La exhortación final de ese extraordinario discurso fue tomada de una arenga
impresa en la contratapa de una publicación histórica en la contracultura (o
cultura alternativa) de los años 60, el “Whole Earth Catalog”: Stay hungry, stay
foolish.

Mantente hambriento, mantente insensato.

Así que ya saben. Si de los estudios de billonarios hablamos, George Soros


estudió Filosofía; Steve Jobs estudió caligrafía, no usa focus groups y aconseja
prepararse para la vida pensando en la muerte y mantenerse hambriento e
insensato para lograr la realización y, quizá, la opulencia.

¿Cuándo fue la última vez que escucharon eso en un curso de gerencia? Estoy
seguro que nunca. La creatividad no se expresa en Excel.

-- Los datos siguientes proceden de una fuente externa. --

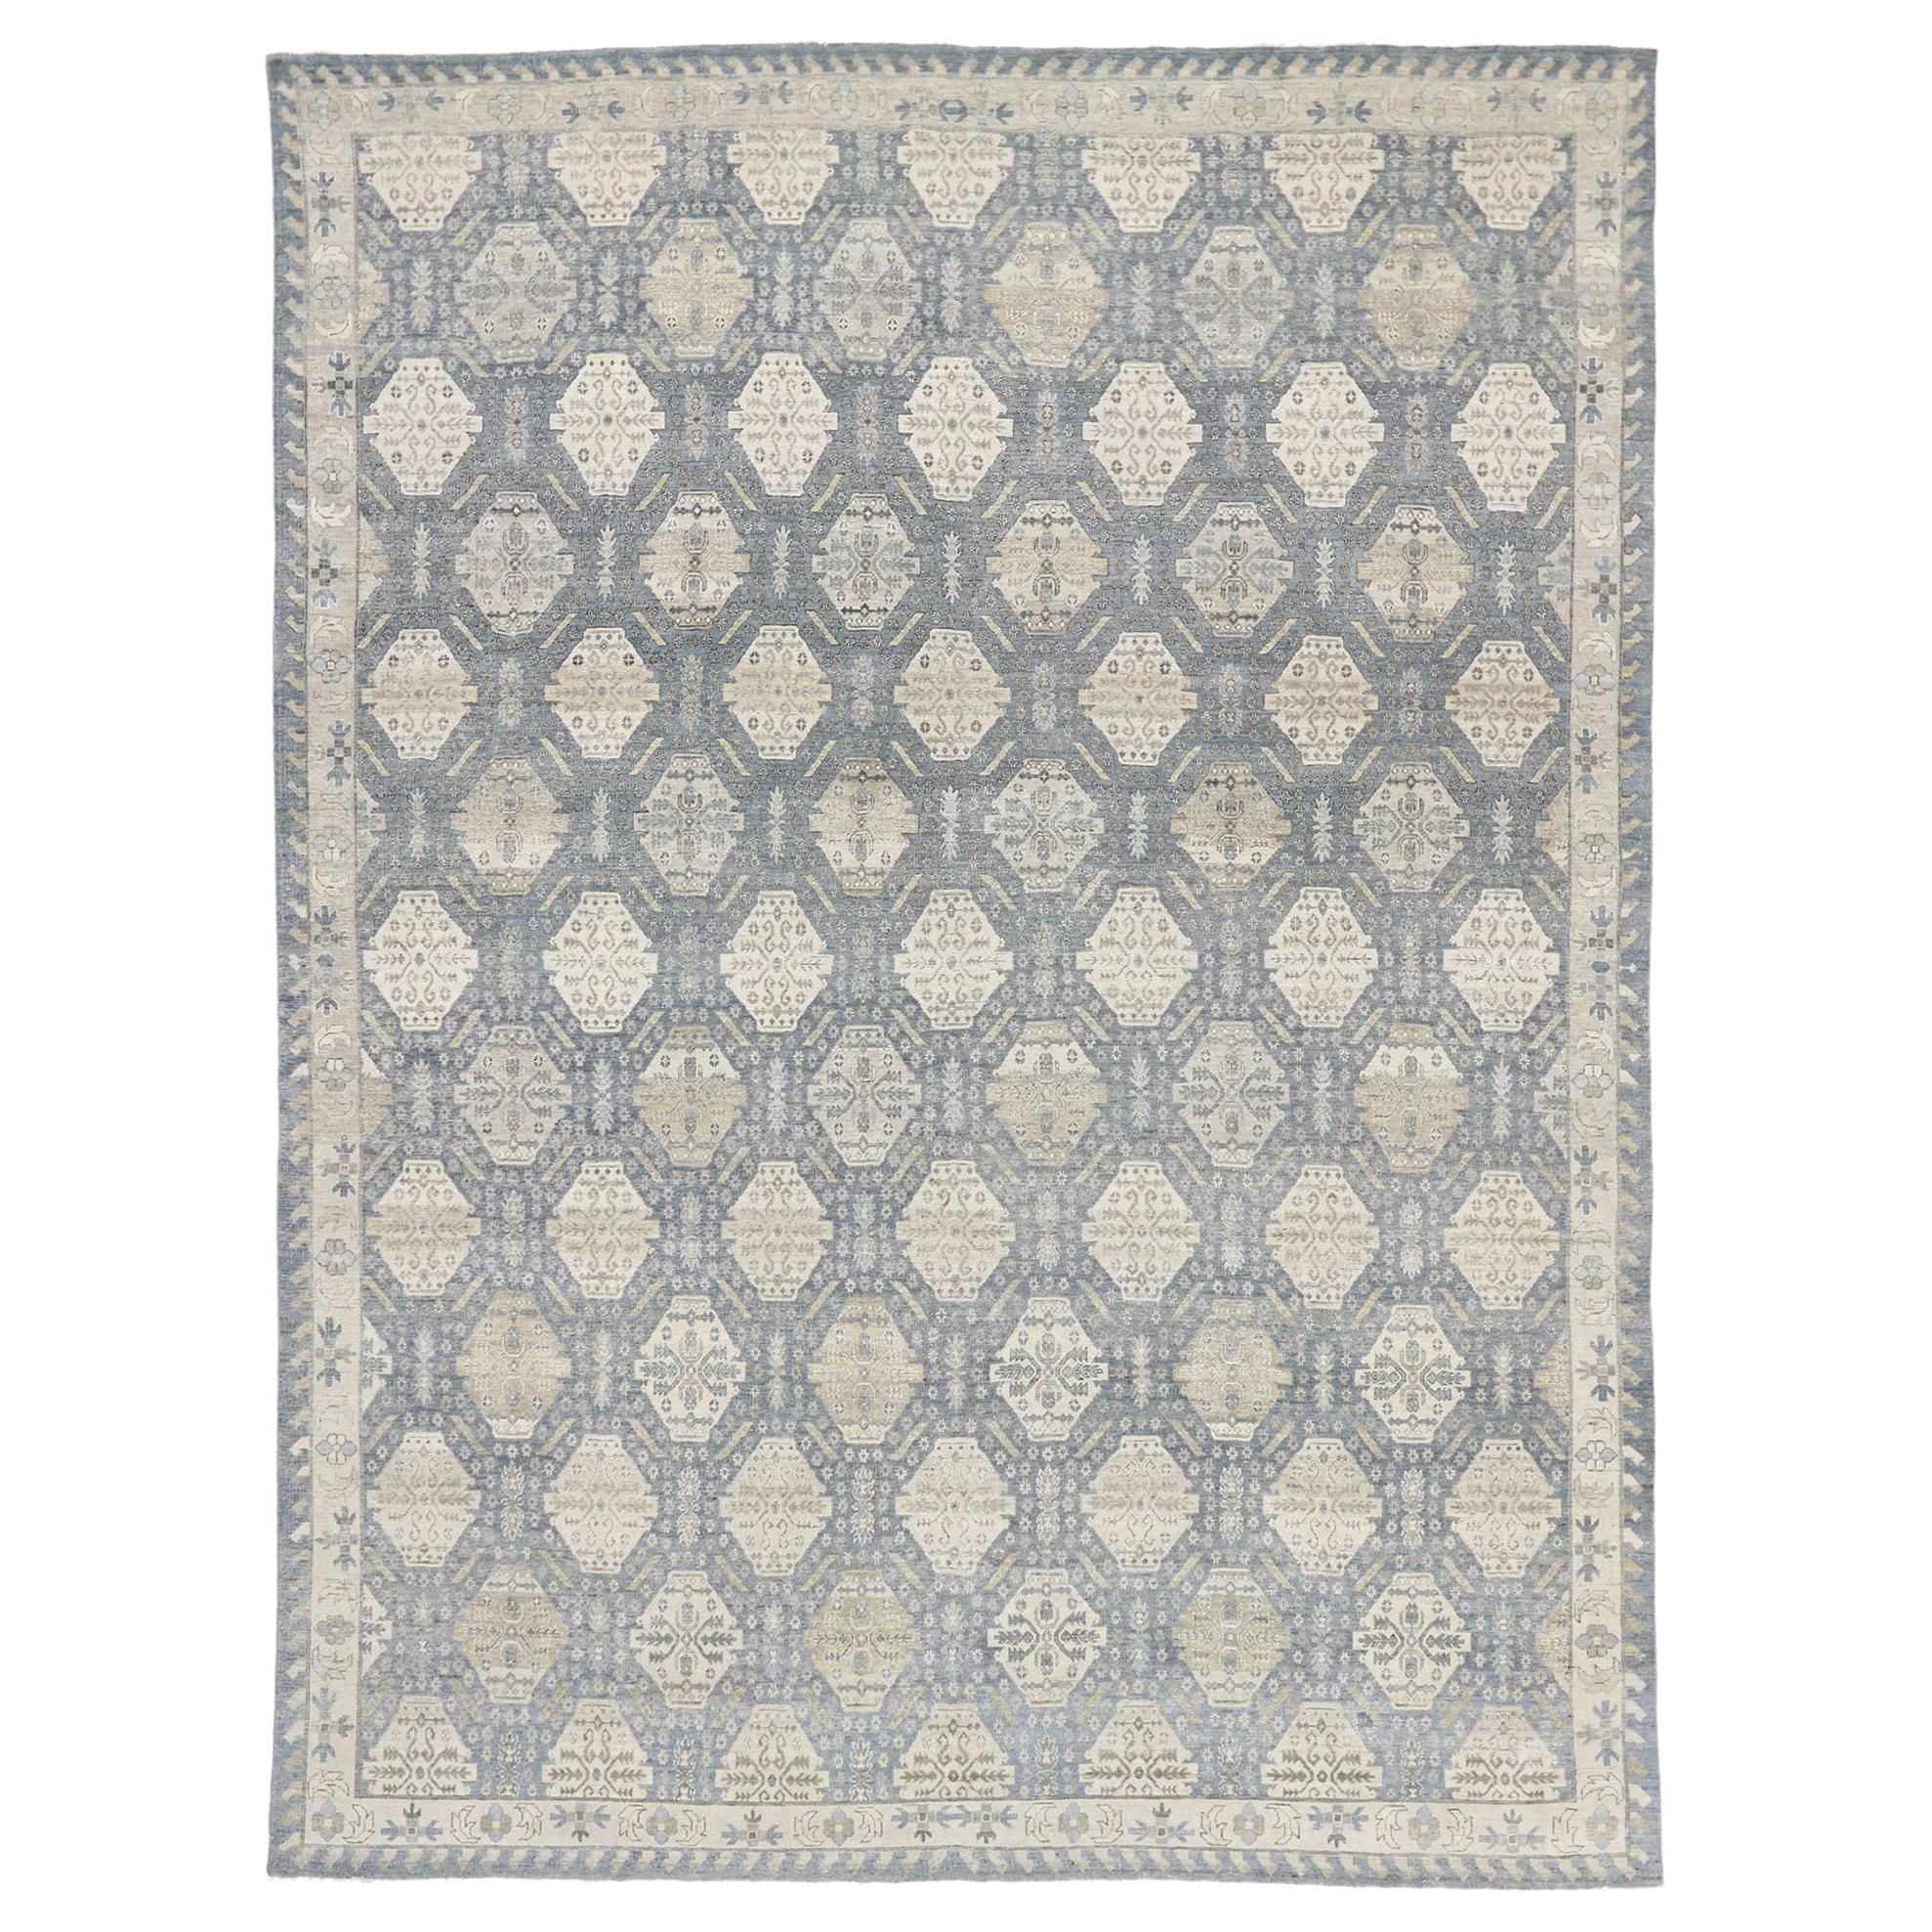 New Contemporary Oushak Style Rug with Rustic Coastal Style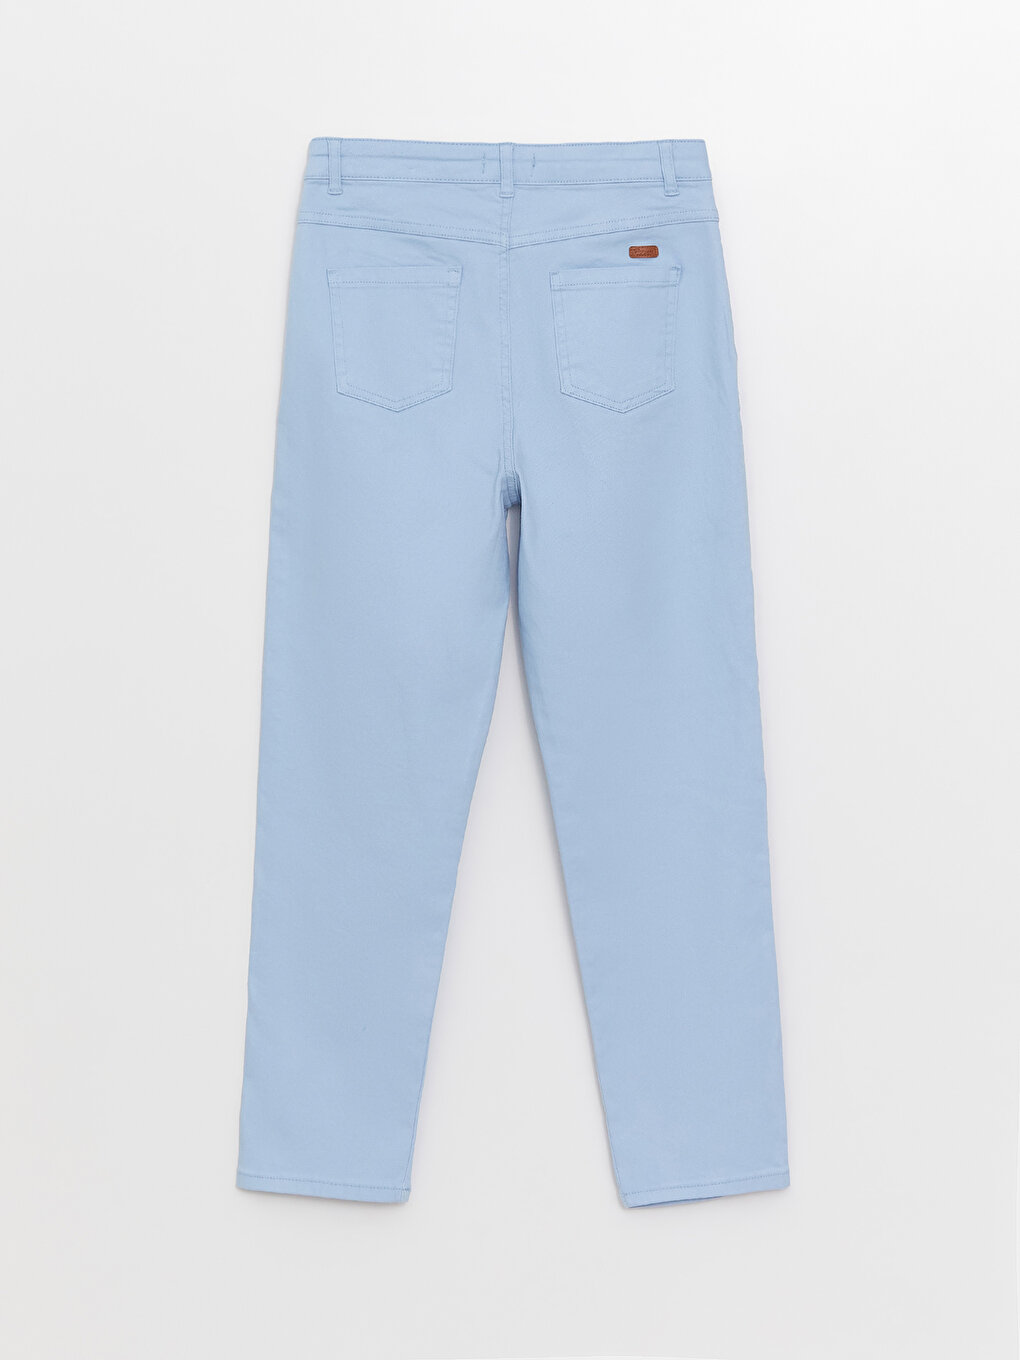 33 Best Light Blue Pants Outfits Images on Stylevore

Si se examina las vidas de algunos de los grandes inventores e innovadores,


hay notables factores en común. Uno es, por supuesto, que surgen con mucha
mayor frecuencia en sociedades que fomentan el esfuerzo industrioso a la vez
que respetan la individualidad y, por ende, la libertad. Por eso, pese a sus
excesos y falta de disciplina, Estados Unidos lleva ventaja a culturas más
estructuradas: muy pocas otras sociedades ofrecen la oportunidad y el estímulo
a la inventiva, la iniciativa individual. En medio de sus crisis actuales, hay
cientos o miles de garajes, donde otros tantos jóvenes o quienes ya no lo son,
desarrollan proyectos, inventos y sueñan con superar a Jobs, superar a Gates.

Hay otro factor frecuente en los creadores: una herida primaria, un dolor
recóndito en almas sensibles que una vida cuadrada y previsible jamás curará.
Así, la desventaja, el contraste, incluso el trauma son a veces el impulso que
lleva a lanzarse a esfuerzos ambiciosos, con el acicate del hambre que
conocen bien desde los artistas hasta los boxeadores, para lograr la
trascendencia que realice la creación y alivie u olvide el dolor.